I have already blogged about this topic http://s782639264.onlinehome.us/?p=298 on my own, but seeing as there is so much that I wish you would know about living with Type 1 diabetes, that I am going to write another one today.
1. Diabetes is always on my mind, yet is it never on my mind.
Huh?
Let me explain.
When you and I are having a conversation about the new salad restaurant that opened in our town, I am listening. I am following along, thinking about what kind of salad I would get if we decided to go to lunch one day…and then I hear an ambulance…As I live only 2 blocks to school my thoughts immediately jump to figuring out where the siren is going (towards the school?) and if my son could have dropped so low that they were forced to give glucagon and call 911. So, yeah, I was in the salad restaurant conversation, but in a heart beat I am out of it.
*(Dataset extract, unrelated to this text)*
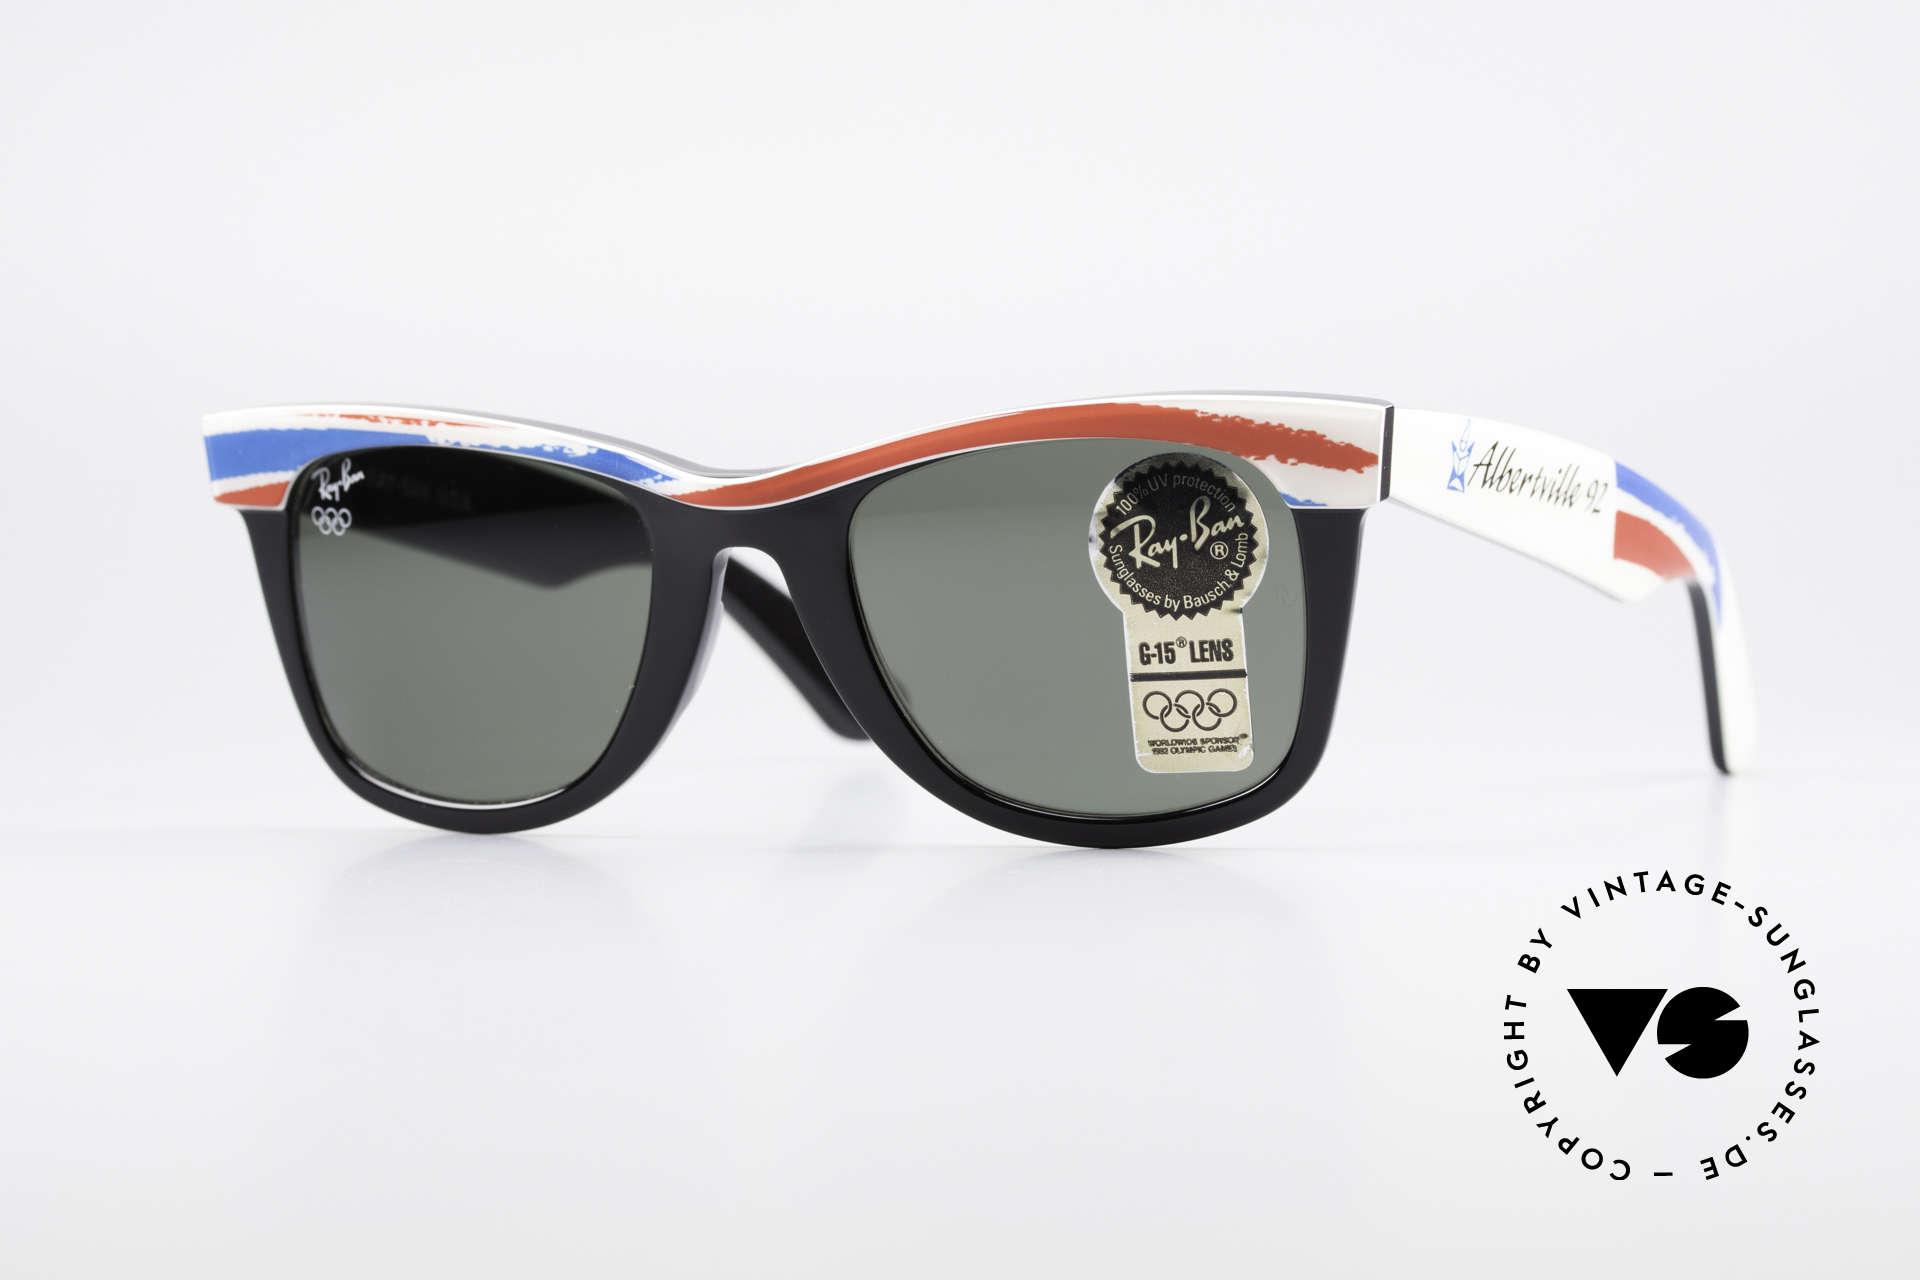 Ray Ban Wayfarer I Olympic Games Albertville, LIMITED Bausch&Lomb vintage Wayfarer sunglasses, Made for Men and Women

2. Diabetes is the absolute last thing when I think about my son, yet it’s the first.
Huh?
Let me explain.
When I see my son, I see a gorgeous, intelligent, funny, lanky, bike riding 8 year old. I see a kid that makes me smile and cringe at least 100 times a day. I see a great big brother and an annoying big brother. I see a kid that loves his waffles with chocolate chips for breakfast.
Then I see diabetes. When I see a bike riding 8 year old riding a bit too slow, I wonder if he is going low. When I see an annoying big brother just getting a bit too much, I wonder if he is going high. When I see a kid that loves waffles turn his nose up at them, I wonder if he has ketones that are making his belly hurt.
3. Diabetes is the first thing that pops in my mind, but the last thing I would ever say.
Huh?
Let me explain.
My son is a dreamer. He is brilliant. He has all these plans for when he gets older that he is going to fly out into Space as well as explore the deepest depths of the oceans. He talks about climbing mountains and backpacking across Europe. He wants to travel across the US in an RV for one summer (ok, that’s my idea too).
When he talks about these things with immense excitement I think about his diabetes care, where he will get insulin while backpacking. I wonder how he will keep his insulin cold while travelling to Space. I am concerned what will he do if he goes low while scuba diving in Belize.
When he talks about these things I say it will be awesome, honey. I say that sounds exciting, I can’t wait for you to do it. I say you are going to have an awesome time.
Diabetes is here and it’s here to stay. I do my best to keep it out of my thoughts, my mind and my spoken word. We know it’s here, we know we have to deal with it, but we don’t have to give it center stage.